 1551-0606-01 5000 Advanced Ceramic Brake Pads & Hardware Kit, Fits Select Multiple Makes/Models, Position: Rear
* * *
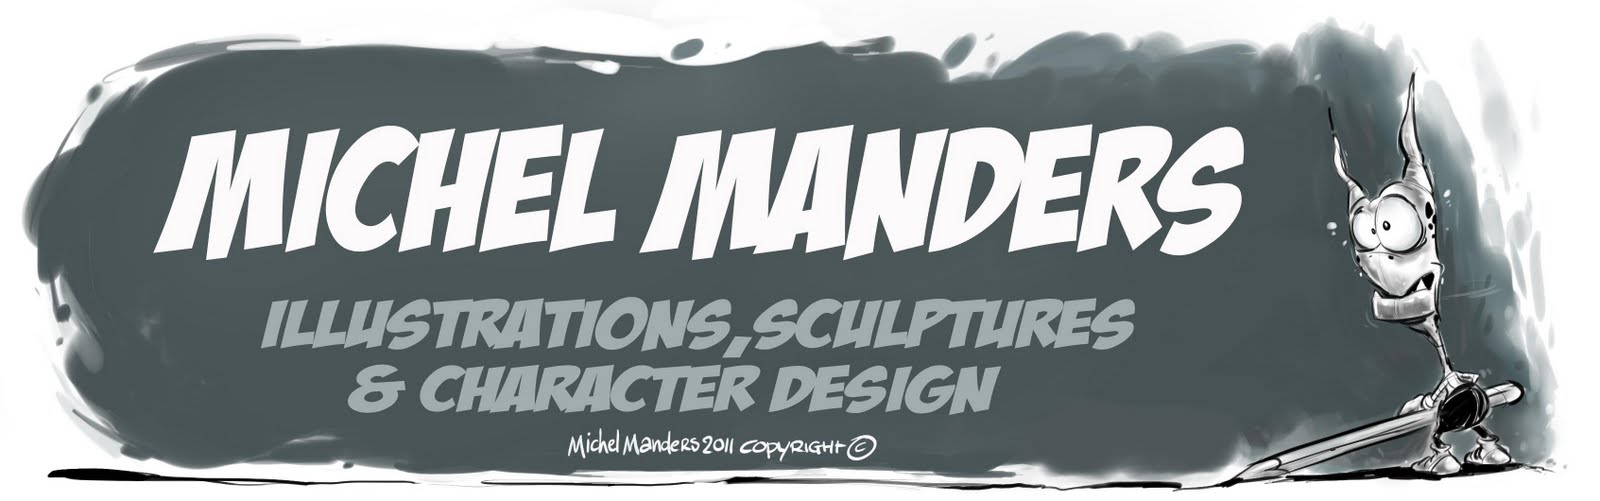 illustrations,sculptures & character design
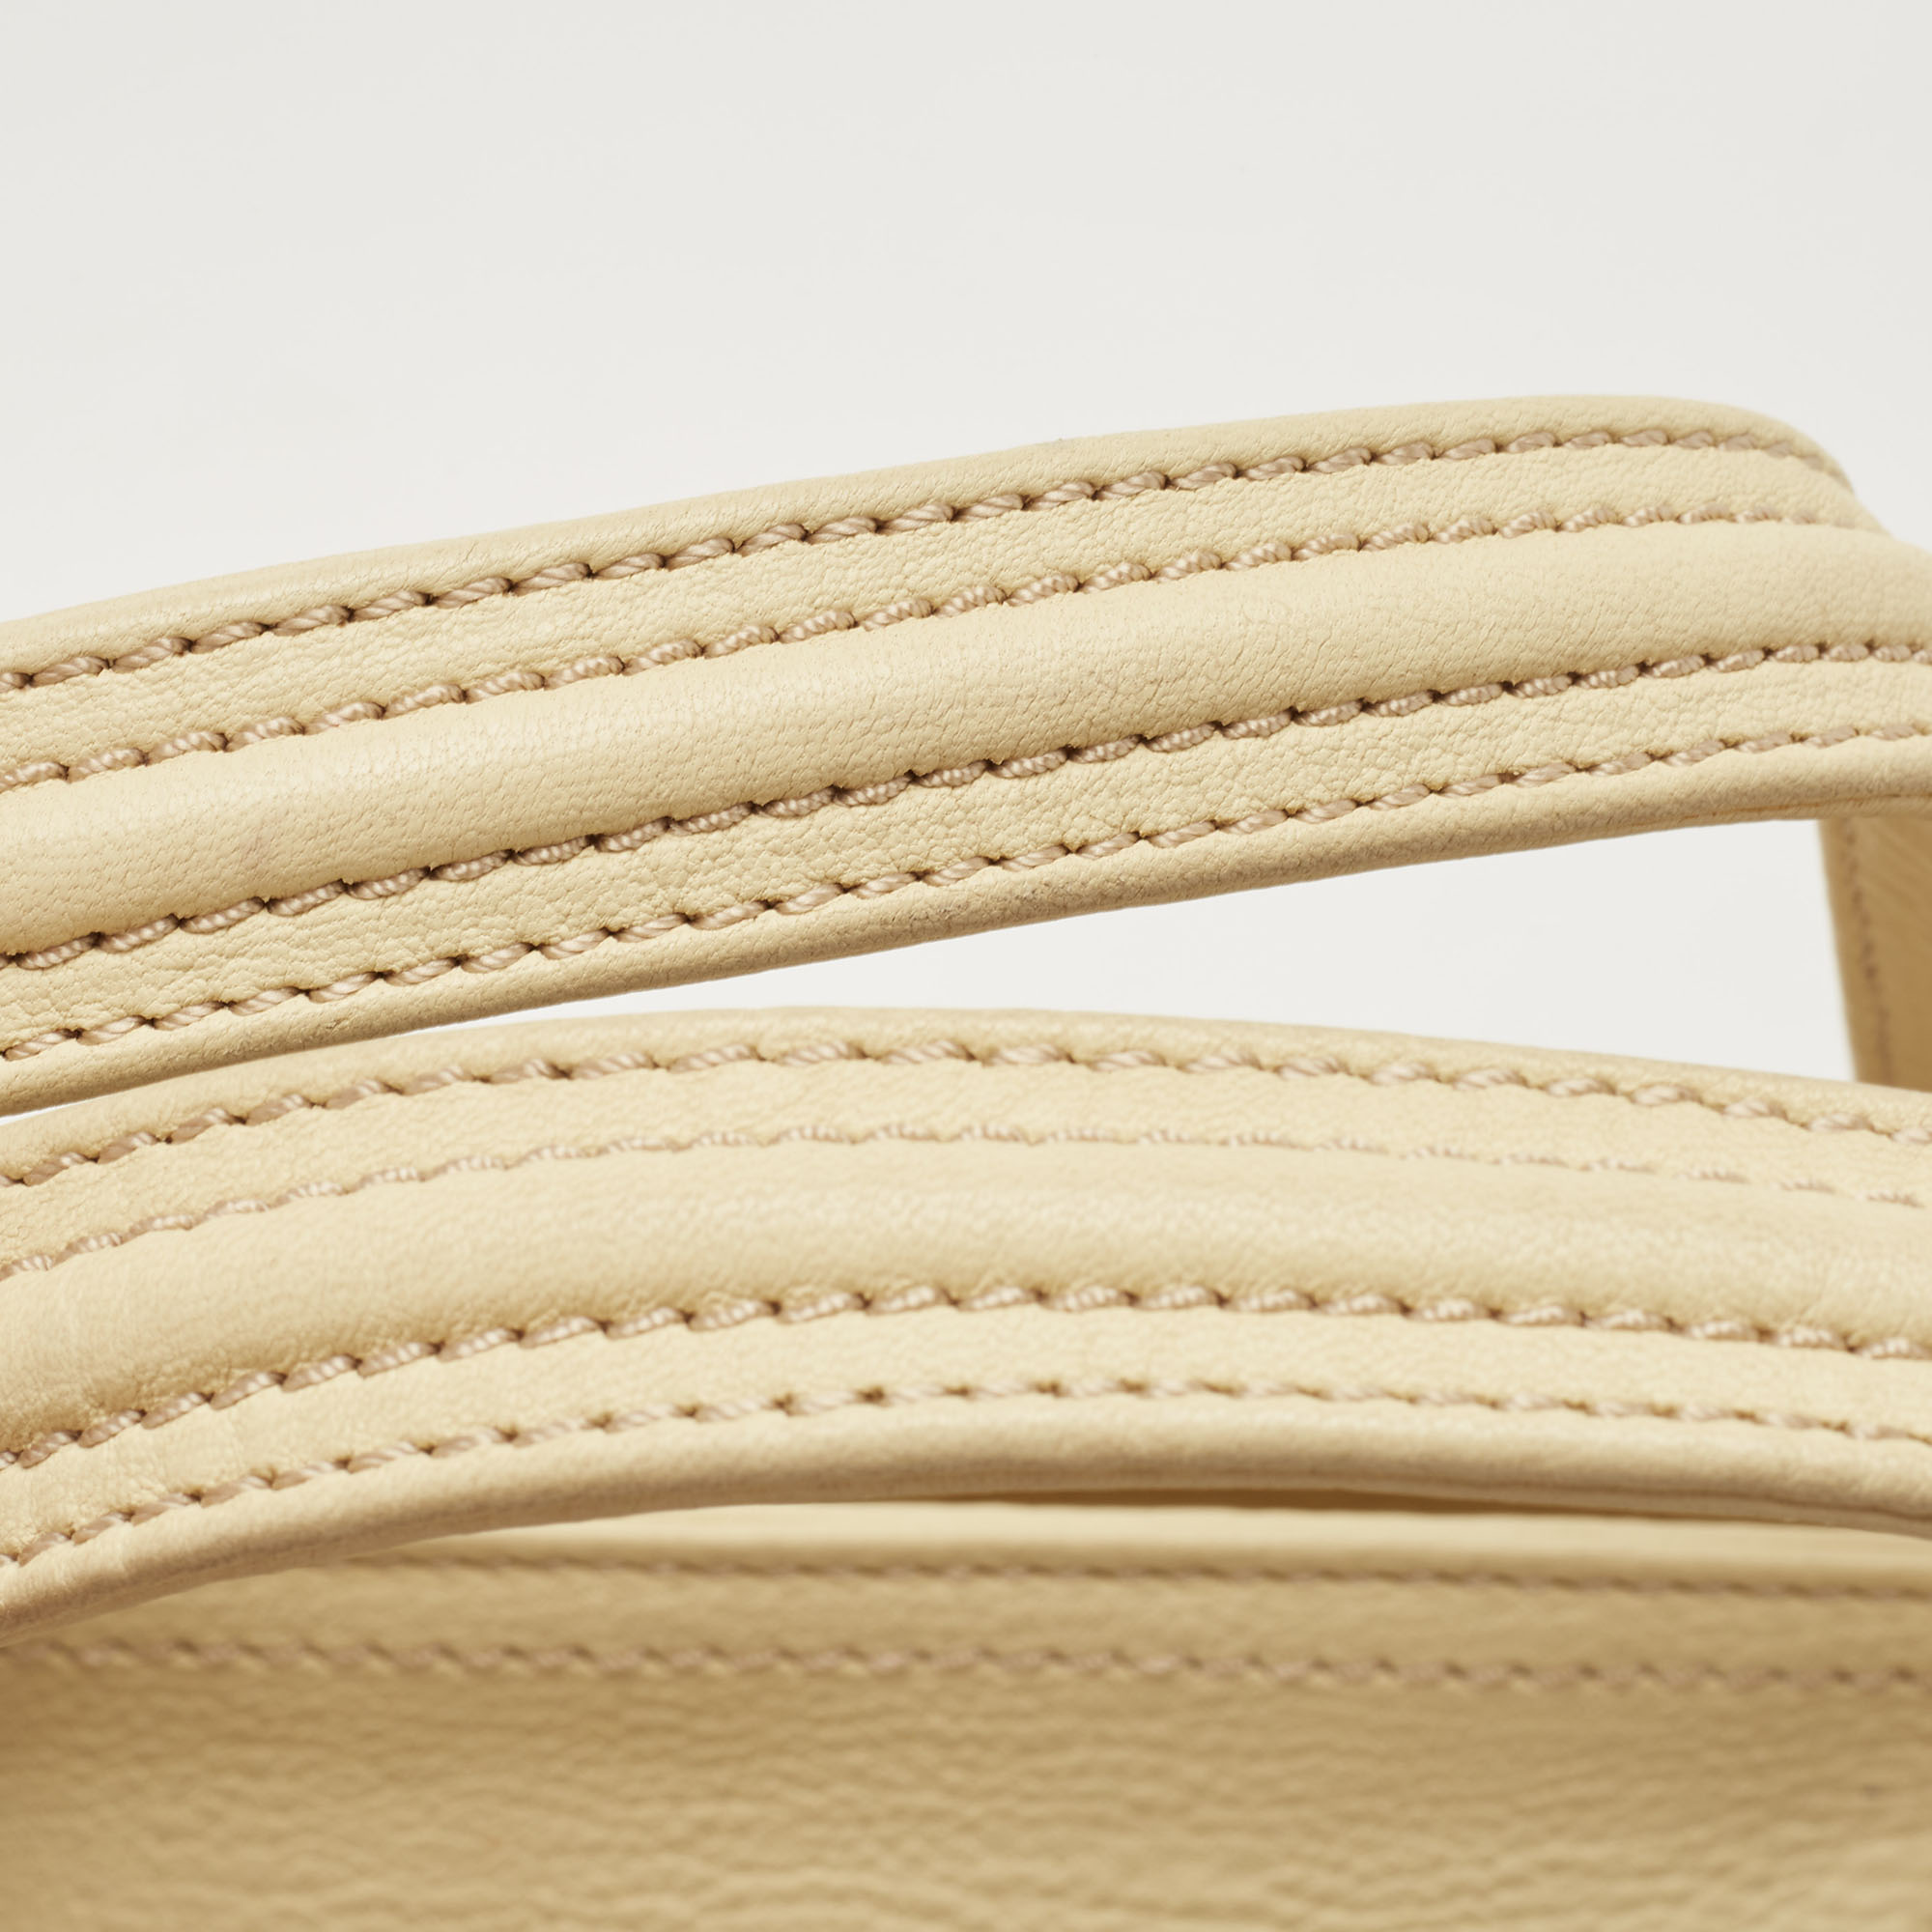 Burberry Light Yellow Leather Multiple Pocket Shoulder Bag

EXERCISE DETAILS - "illustrations,sculptures & character design" marks the first line to copy, and "Burberry Light Yellow" marks the last. Repeat that stretch above exactly, with no pictures.

REPLY TO THE TASK -
 illustrations,sculptures & character design
 Burberry Light Yellow Leather Multiple Pocket Shoulder Bag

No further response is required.